Johannesburg, South Africa – Heroes of the Storm, Blizzard answer to the popularity of MOBAs, has slowly started rising as a competitive eSports tournament. The simple, yet complex title involved Heroes from the rich lore we know and love throughout Blizzard’s titles. The five-a-side battle arena has already been picked up as an official eSport, with a few tournaments under the belt, and now with the burst in popularity Energy eSports have decided to include our very own team in the roster.
The team is comprised of familiar faces in the South African MOBA scene, some of which used to be part of our Dota 2 team, and hope to compete both locally and internationally.
The new roster is as follows:
Sakkie ‘RandomHero’ Basson (Captain)
Dylan ‘Shanks’ Probyn
Justin ‘LETSGETPARTY’ Probyn
Peter ‘Fancy’ Long How
Chris “Truck’ Austin
RandomHero, Shanks and LETSGETPARTY were part of the 2013-2014 Energy eSports Dota 2 team, who placed second at the NGL last year. The decision to take up Heroes of The Storm is an interesting one, as stated by captain RandomHero:
“I feel Heroes of the Storm is an excellent game that is still in its early stages. It focuses primarily on teamwork, coordination and strategy, and has less emphasis on individual play. You are only ever going to be as strong as your weakest link, which really forces a strong team bond and dynamic. It’s also definitely a game we would be able to compete against international teams at a top level, we feel we are skilled enough,we just need to put in the time as a team.”
Owner and Manager or Energy eSports, Kas Ahmed, welcomes the new team and wishes them all the best as they fly the Energy flag.
“I’m extremely happy to have Sakkie and his team join us again at Energy Esports. I’m looking forward to the progression of Heroes of the Storm in South Africa and hope to stamp our mark as a competitive team going into future tournaments.”
We look forward to the future prospects of having an official Heroes of The Storm team, and wish them the best of luck both locally and internationally.
Some of you may remember RandomHero from our CS:GO Pro Guide, well now we can hopefully get a Heroes of The Storm Pro Guide.
HotS could be our big break
Heroes of the Storm is unlike any other MOBA out there. It’s also extremely new, and for once we have a chance to get going right from the start as the new game reaches out into the competitive world. HotS is also pretty easy to get good at, as players have told me. With Counter-Strike and Dota we struggled to leave our mark internationally as those teams were born and bred into those competitive titles, HotS is new and I believe we can do it.
We caught up with RandomHero to chat about his return to Energy eSports and their plans moving forward.
“I was approached by a couple of my old Dota 2 teammates to start up a team for HotS, who recently started playing it again. We used to play it religiously but stopped and forgot about it during the time leading up to last year’s NGL Dota 2 event, since we had to spend all of our time practicing for the event.

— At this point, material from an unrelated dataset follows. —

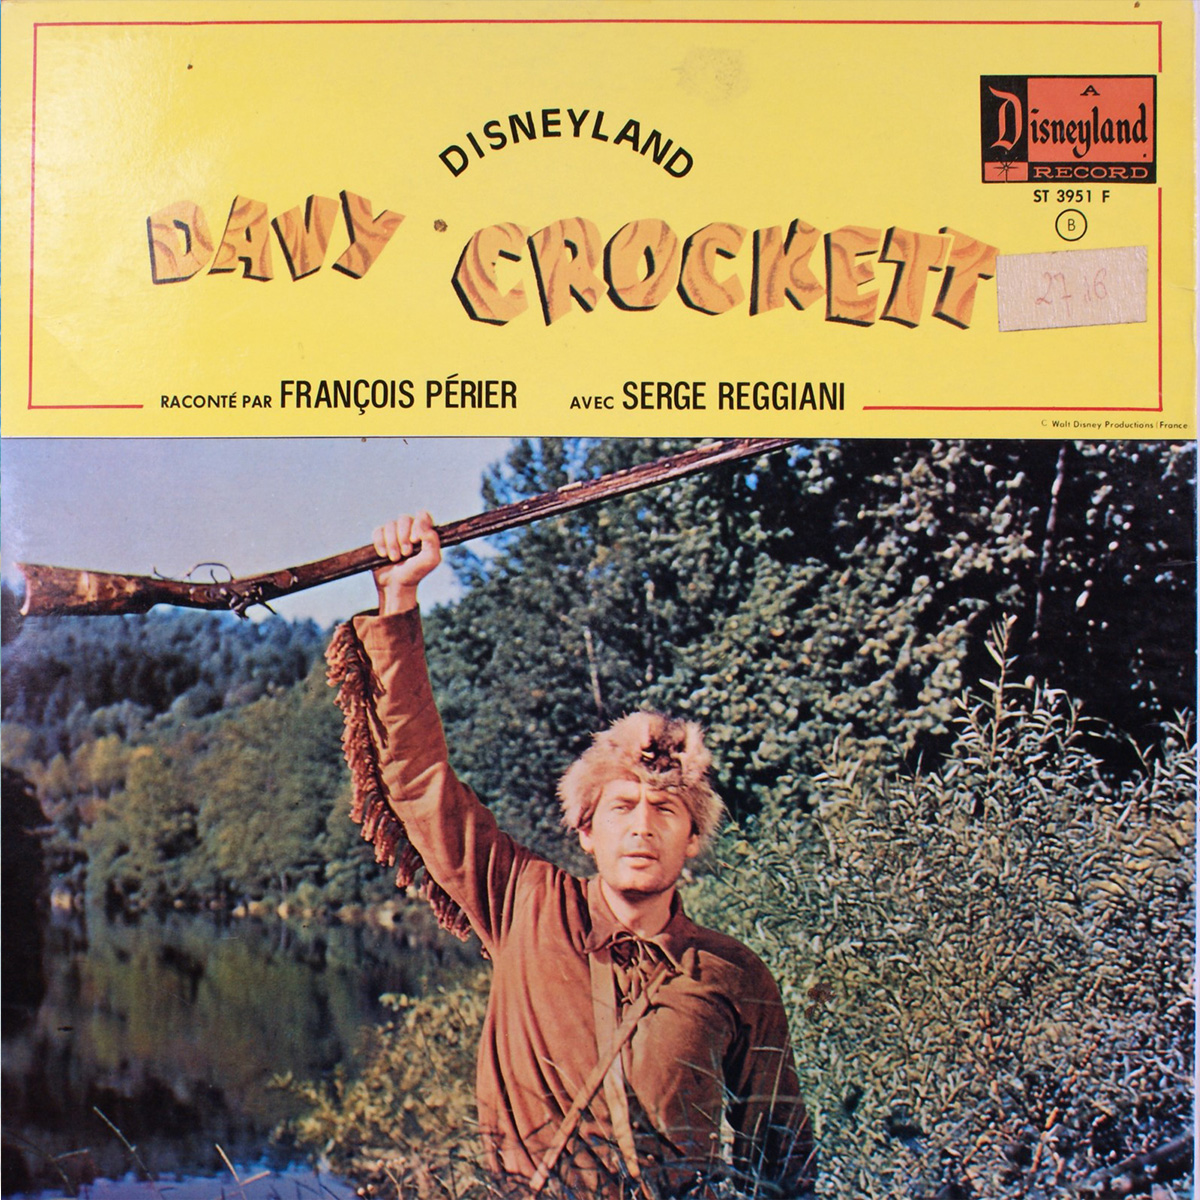 Livre-Disque  Davy Crockett Disneyland Record - Face B

For the moment our plans are to start practicing and start entering cups on the international circuit and just build up as much experience as we can. The South African community is quite small and undeveloped at the moment, but as time goes on I am going to personally put in a lot of effort in to growing HotS in the South African scene. I’m already trying to figure out different ideas for tournaments / leagues.
For now I just want to thank Energy and the sponsors for giving our team this opportunity and hope to do our best.
HotS could be our big break, and I plan to follow these guys pretty closely to see how they perform internationally, knows they may even get that famed invite to Blizzcon. They’re all really experienced MOBA players, and once more teams start emerging I think we might have a pretty exciting scene in South Africa.
Do you think there’s room for competitive HotS in South Africa?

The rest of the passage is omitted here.